Кэт то и дело бросала взгляды на дверь, но одного посетителя так и не дождалась.
Ее мать так и не пришла в больницу, чтобы взглянуть на своего единственного внука, и на какое-то мгновение Кэт вновь ощутила себя одиннадцатилетней девочкой, в сердце которой зияла незаживающая рана. Но это длилось всего лишь мгновение, а потом Кэт решила, что сама возьмет и отнесет сына к бабушке.
Она скажет Оливии: «Посмотри, твой ребенок дал жизнь другому ребенку». И даже если мать не увидит в этом чуда и не испытает никакой радости, Кэт не будет держать на нее обиды, а только пожалеет ее.
Кэт посмотрела на своего сына, такого красивого и совершенного, и на мужчину рядом с ней — мужчину, который пытался устроиться как-нибудь так, чтобы не сидеть на заднице, и подумала, что эту забавную рану он получил, защищая их двоих от нападения хулигана, и тут же поняла, что обязана ему жизнью.
Тут к ней на кровать присел Паоло с двумя маленькими девочками на руках, Вей и Поппи, и обе стали торжественно разглядывать это странное существо, которое было гораздо меньше их самих. А потом его тронула за плечо Меган.
— Тебя ждет Джессика, — сказала она, забирая Поппи у него из рук. — В коридоре.
Паоло сперва ничего не понял, а потом кивнул, взял Вей за ручку и вывел из палаты. Джессика ждала его напротив двери.
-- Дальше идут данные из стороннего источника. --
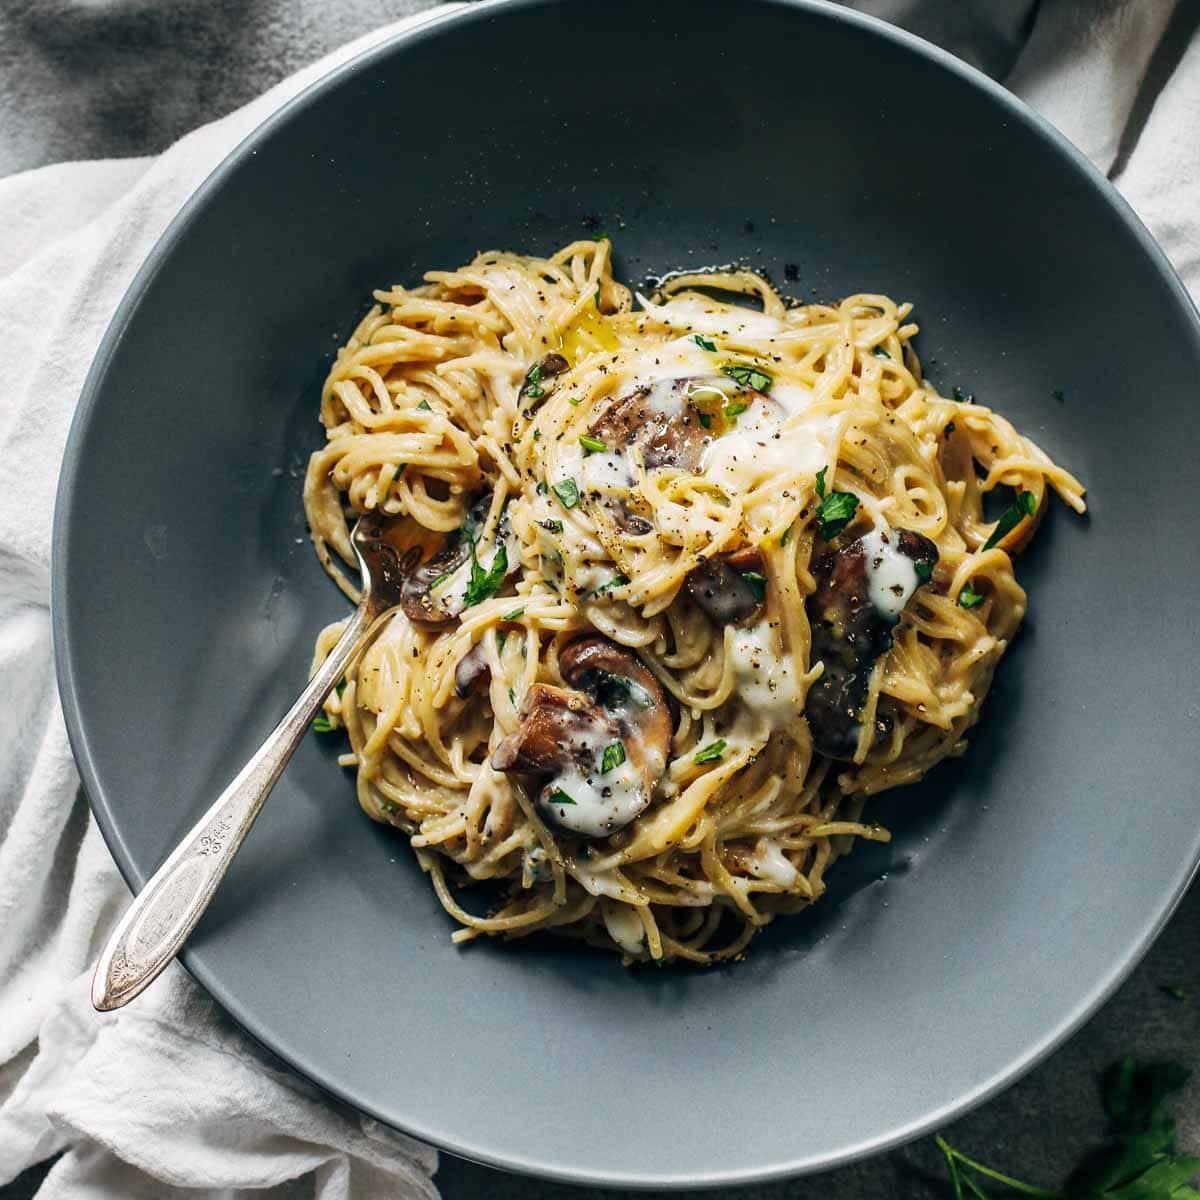 Creamy Garlic Herb Mushroom Spaghetti Recipe Pinch Of Yum

— Ты еще не догадался? — спросила она.
Паоло посмотрел на жену, все еще одетую в праздничное платье и с конфетти, застрявшими в волосах, и у него не возникло ни малейших представлений, о чем он должен был догадаться. Разве на сегодня мало приключений?
— Иди сюда, глупый! — воскликнула Джессика. Она взяла его руку и положила себе на живот, а потом заглянула ему в глаза, и он тоже посмотрел в ее глаза — в глаза, которые знал лучше своих.
И тут у него отвисла челюсть. Оказывается, такое в жизни случается. Челюсть у человека действительно может отвиснуть, а рот — непроизвольно раскрыться.
— Не может быть! — потрясенно сказал он.
— Может! И не только может, но уже определенно есть! Меган тебе все объяснит. С научной точки зрения. Впрочем, в жизни есть вещи, которых не понять даже докторам. Я имею в виду нашу удачу.
Паоло продолжал смотреть на жену, и от навернувшихся слез ее красивое лицо поплыло у него перед глазами. Он не знал, что сказать. Он даже не понимал, что чувствует в этот момент.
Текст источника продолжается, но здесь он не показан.